When the wall fell, it fell quickly, as if it had been waiting for this moment, as if it had been created for the very instant of its failure. Barricades collapsed with haste once exposed for the riddled and rotten things they had always been. Beneath that facade of stability they were as ethereal as the society that created them. All the feverish subroutines of his survival programs booted up, for the first time in so long, and he located the flaw the instant before it expressed itself: there.

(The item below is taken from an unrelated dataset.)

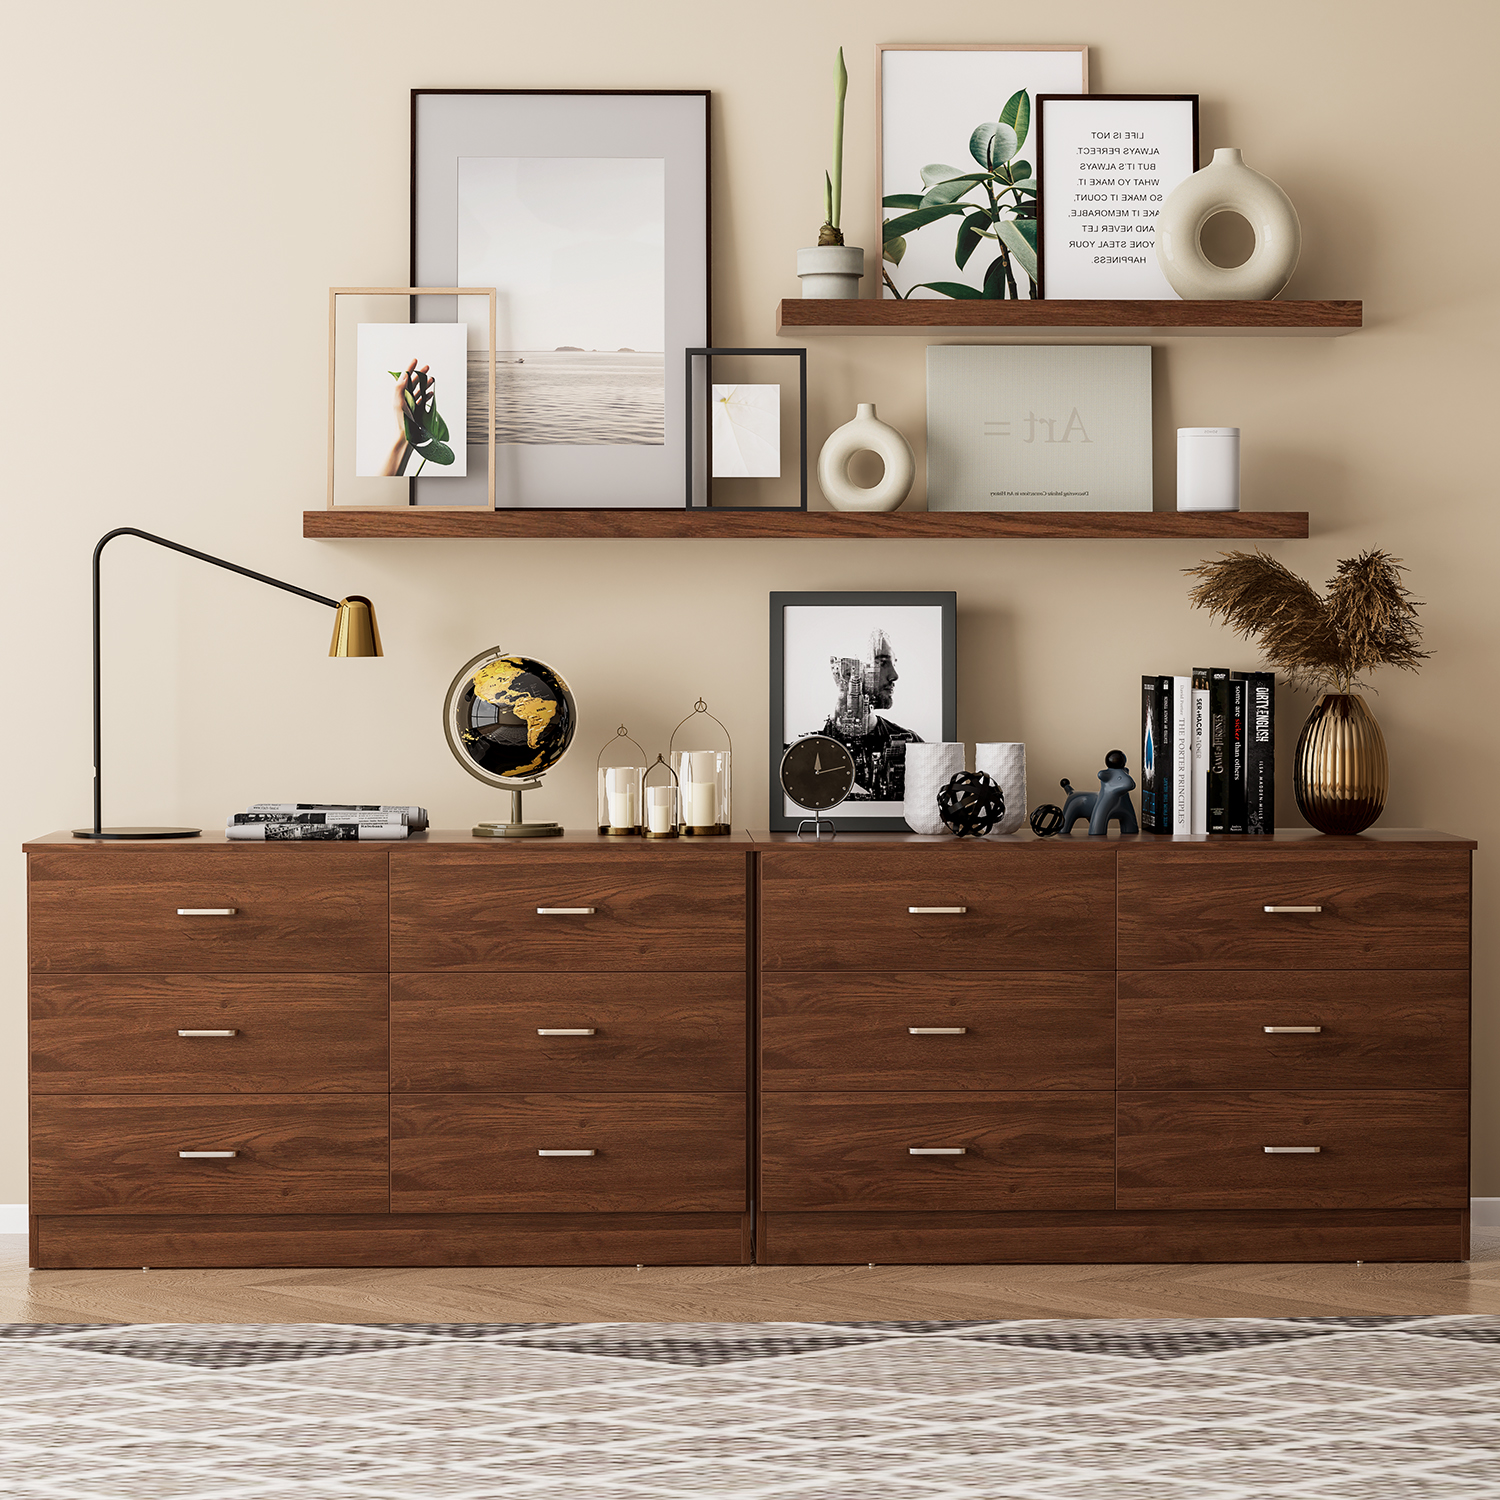 Winkalon 6 Drawer Brown Double Dresser,Wood Storage Cabinet with Easy Pull Out Handles for Living Room,Chest of Drawers for Bedroom - image 5 of 10

Darkly hilarious, stealthily wise, and often genuinely creepy, Zone One is a journey through a nightmare landscape that is at once familiar and uniquely its author’s own vision. Whitehead employs the best elements of the zombie canon – an infectious disease spreads over the whole world in short order, turning most of us to mindless flesh-eating monsters; overwhelmed governments collapse while the dwindling survivors make do as long as they can on their own. There are quite a few new elements, too, with the stragglers being the best innovation to the mythos I’ve seen in ages. Zone One isn’t strictly a plot-driven action story, but it’s got plenty of action to spare. Instead, it occupies the same space as Robert Kirkman’s The Walking Dead, a character-driven work which captures the image of the broken-down society and the people that inhabit it, except Whitehead is an even more skilled writer than Kirkman. His craft is formidable, and he’s a brilliant architect of both sentences and stories. He’s also a patient storyteller with a knack for dropping tantalizing bits early on and making readers want to know more. When you find out how Mark Spitz got his name, somewhere around the midpoint, it’s one of the most satisfying parts of the book. I had never read Colson Whitehead before, but I enjoyed Zone One so much I went back and read Sag Harbor and Apex Hides the Hurt, and I’m working on John Henry Days now, and I’m glad I did. They’re all masterful. I’ll happily read anything else he does after this.

I have no idea how the literary establishment is going to react to Zone One. Nor can I guess how horror fans will take it. Sadly, I can imagine hardcore zombie-heads thinking Zone One doesn’t stack up to something like World War Z (which is excellent, but in a lighter weight class) or even, God forbid, something like David Moody’s Autumn series, just because it aims higher than providing nonstop gory action. But if it were up to me, I’d hand Whitehead the Bram Stoker award right now, because honestly, what else in that genre is going to come even close to being the acheivement Zone One is? I’ll simply say this: Zone One is the greatest zombie novel ever.